Evolution du langage musical
Question : Rien de me choque dans les suites d’accords "en tierce montante" ni dans les suites II-I et VI-I. Cela signifie-t-il que mon oreille n’est pas assez formée à la musique classique ?
Lire la réponse
Question : Rien de me choque dans les suites d’accords "en tierce montante" ni dans les suites II-I et VI-I. cela signifie-t-il que mon oreille n’est pas assez formée à la musique classique ?
Ces enchaînements et plus géneralement l’ensemble des principes ou codes musicaux que nous étudions font partie d’un langage que l’on peut dater puisqu’il est contemporain de Bach. Pour nous, l’intérêt de son apprentissage est clair puisque nous l’utiliserons dans nos premières compositions.

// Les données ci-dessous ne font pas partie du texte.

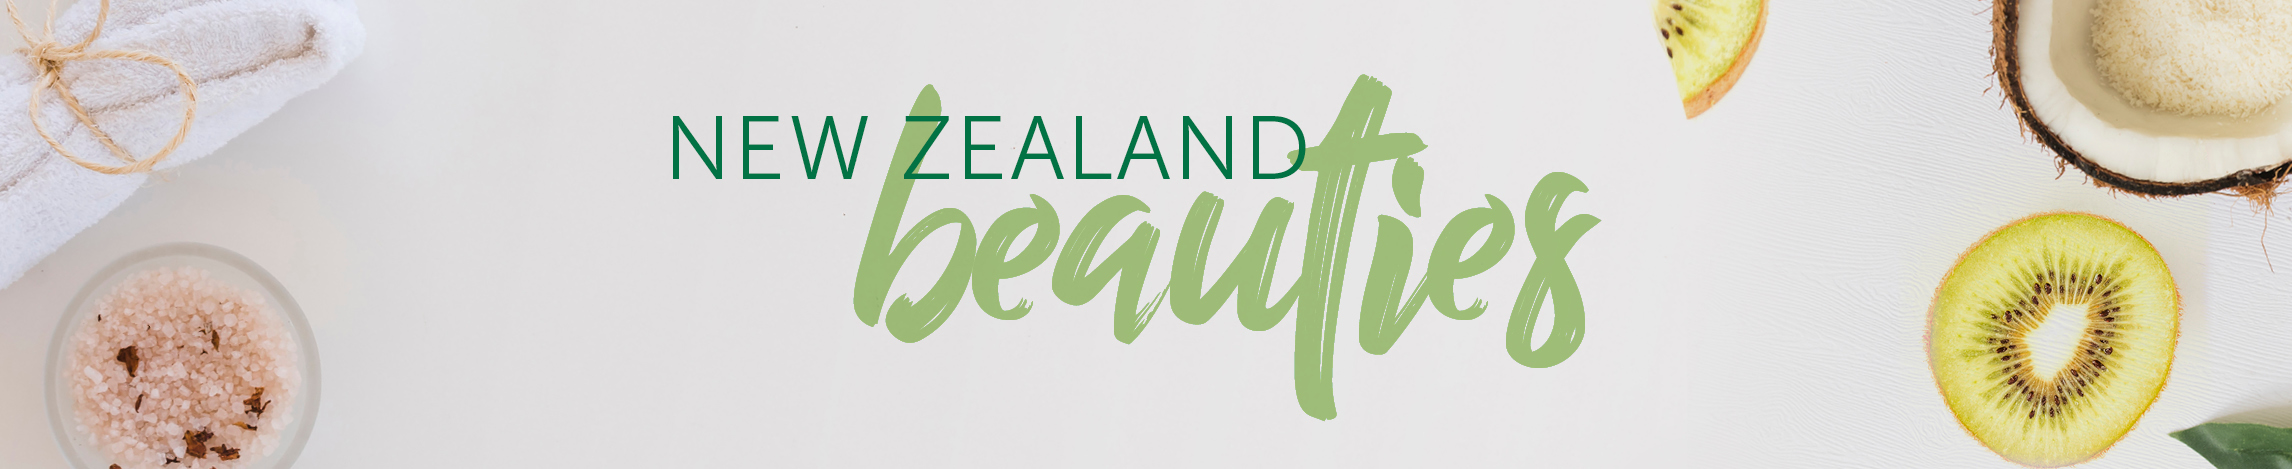 03955 - NZ Beauties giveaway - social03955 - NZ Beauties giveaway -landing page banner.jpg

Bach sera en effet le compositeur qui ouvrira notre premier cycle de composition.
La raison pour laquelle Bach et ses contemporains n’utilisaient pas les fausses cadences est simple : leur effet cadentiel est trop faible et elles ne peuvent donc avoir aucun rôle de ce type dans une pièce musicale. De plus, s’achevant par un accord de tonique, elles ne peuvent pas non plus être considérées comme des enchaînements ordinaires. De fait, elles ne présentent aucun intérêt dans un langage entièrement basé sur les cadences.
Nous découvrirons en étudiant les œuvres des compositeurs postérieurs à Bach que le langage musical est en constante évolution, ce que vous intégrerez peu à peu dans l’écriture de vos propres travaux. Des enchaînements comme les fausses cadences ou les tierces montantes seront utilisées par les compositeurs modernes mais à ma connaissance, on n’en trouve pas trace dans la musique baroque ou classique.
Dans le même ordre d’idées, on remarquera que Bach ne faisait jamais de parallélismes de quintes alors que pour Debussy ou Ravel, ils faisaient partie du langage musical. Ces mêmes parallélismes de quintes, d’octaves ou de quartes étaient à la base du langage musical du XIVème siècle, alors qu’à cette époque l’intervalle de tierce n’était pas consonant.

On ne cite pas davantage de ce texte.